Programa de Genética Humana, ICBM, Facultad de Medicina, Universidad de Chile, Santiago, Chile.
Biol Res. 2013;46(2):101-19. doi: 10.4067/S0716-97602013000200001.
The Neutral Theory of Evolution (NTE) proposes mutation and random genetic drift as the most important evolutionary factors. The most conspicuous feature of evolution is the genomic stability during paleontological eras and lack of variation among taxa; 98% or more of nucleotide sites are monomorphic within a species. NTE explains this homology by random fixation of neutral bases and negative selection (purifying selection) that does not contribute either to evolution or polymorphisms. Purifying selection is insufficient to account for this evolutionary feature and the Nearly-Neutral Theory of Evolution (N-NTE) included negative selection with coefficients as low as mutation rate. These NTE and N-NTE propositions are thermodynamically (tendency to random distributions, second law), biotically (recurrent mutation), logically and mathematically (resilient equilibria instead of fixation by drift) untenable. Recurrent forward and backward mutation and random fluctuations of base frequencies alone in a site make life organization and fixations impossible. Drift is not a directional evolutionary factor, but a directional tendency of matter-energy processes (second law) which threatens the biotic organization. Drift cannot drive evolution. In a site, the mutation rates among bases and selection coefficients determine the resilient equilibrium frequency of bases that genetic drift cannot change. The expected neutral random interaction among nucleotides is zero; however, huge interactions and periodicities were found between bases of dinucleotides separated by 1, 2... and more than 1,000 sites. Every base is co-adapted with the whole genome. Neutralists found that neutral evolution is independent of population size (N); thus neutral evolution should be independent of drift, because drift effect is dependent upon N. Also, chromosome size and shape as well as protein size are far from random.

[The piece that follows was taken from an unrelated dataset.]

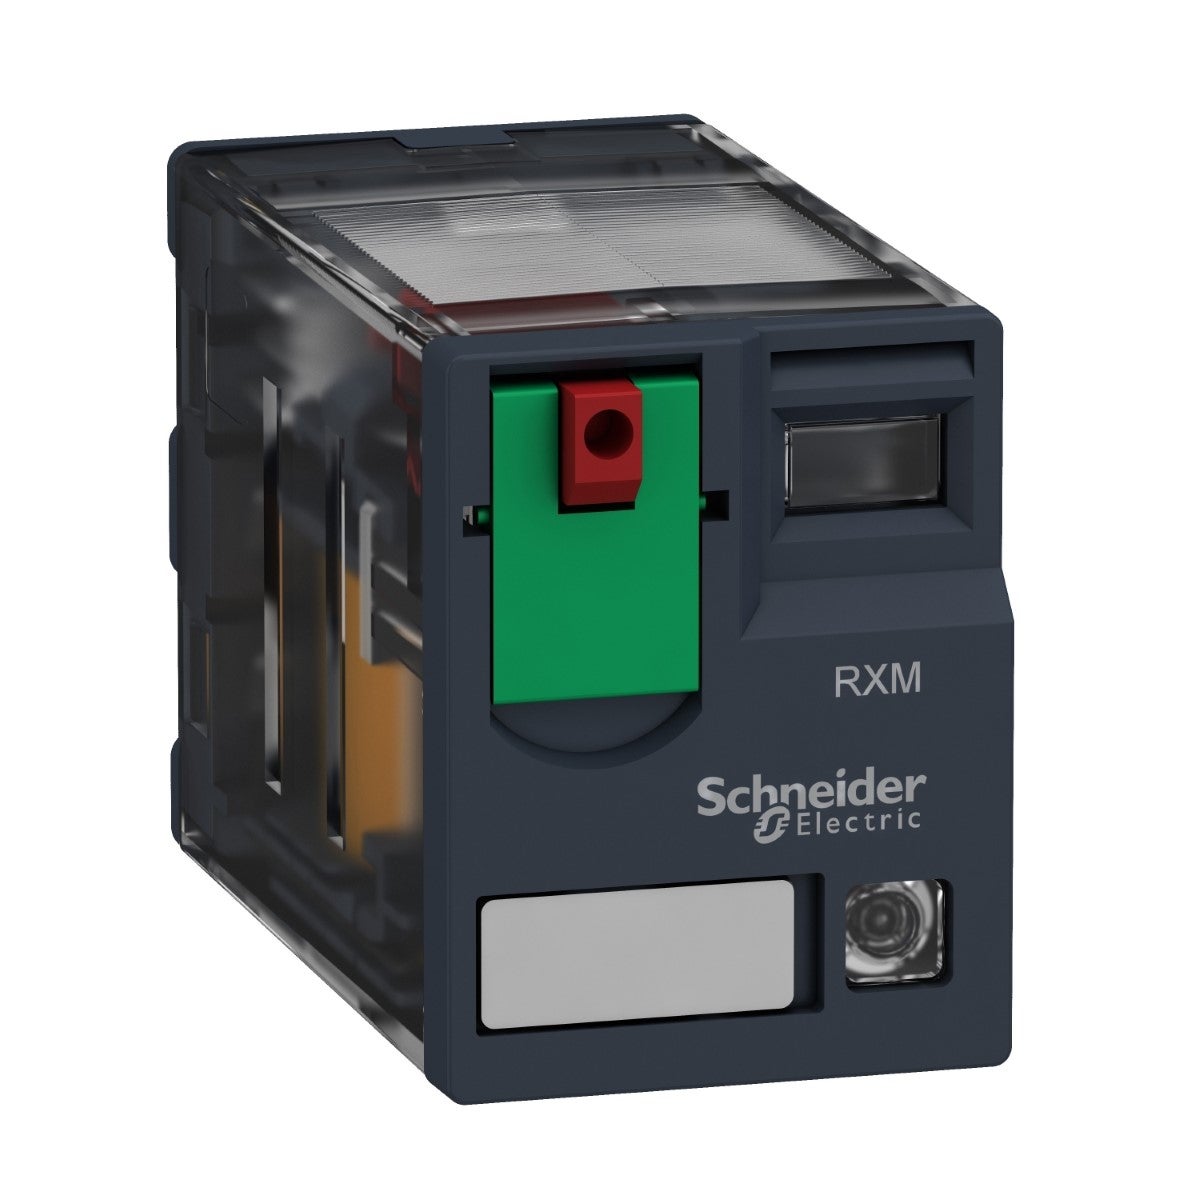 Schneider Electric Miniature Plug-in relay - Zelio RXM 4 C/O 120 V AC 6 A with LED

进化的中性理论(NTE)提出突变和随机遗传漂变是最重要的进化因素。进化最显著的特征是古生物学时代的基因组稳定性和分类群之间缺乏变异;一个物种 98%或更多的核苷酸位点是单态的。NTE 通过随机固定中性碱基和不产生进化或多态性的负选择(净化选择)来解释这种同源性。净化选择不足以解释这种进化特征,而近乎中性的进化理论(N-NTE)包括负选择,其系数与突变率一样低。这些 NTE 和 N-NTE 命题在热力学上(倾向于随机分布,第二定律)、生物上(反复突变)、逻辑上和数学上(稳定平衡而不是漂变固定)是站不住脚的。在一个位点上,仅通过碱基的反复正向和反向突变以及碱基频率的随机波动,就使得生命组织和固定成为不可能。漂变不是一个定向进化因素,而是物质-能量过程的定向趋势(第二定律),它威胁着生物组织。漂变不能驱动进化。在一个位点上,碱基之间的突变率和选择系数决定了遗传漂变不能改变的碱基的弹性平衡频率。核苷酸之间预期的中性随机相互作用为零;然而,在相隔 1、2……和 1000 多个碱基的二核苷酸碱基之间发现了巨大的相互作用和周期性。每个碱基都与整个基因组共同适应。中立主义者发现,中性进化与种群大小(N)无关;因此,中性进化应该独立于漂变,因为漂变效应依赖于 N。此外,染色体大小和形状以及蛋白质大小都远非随机。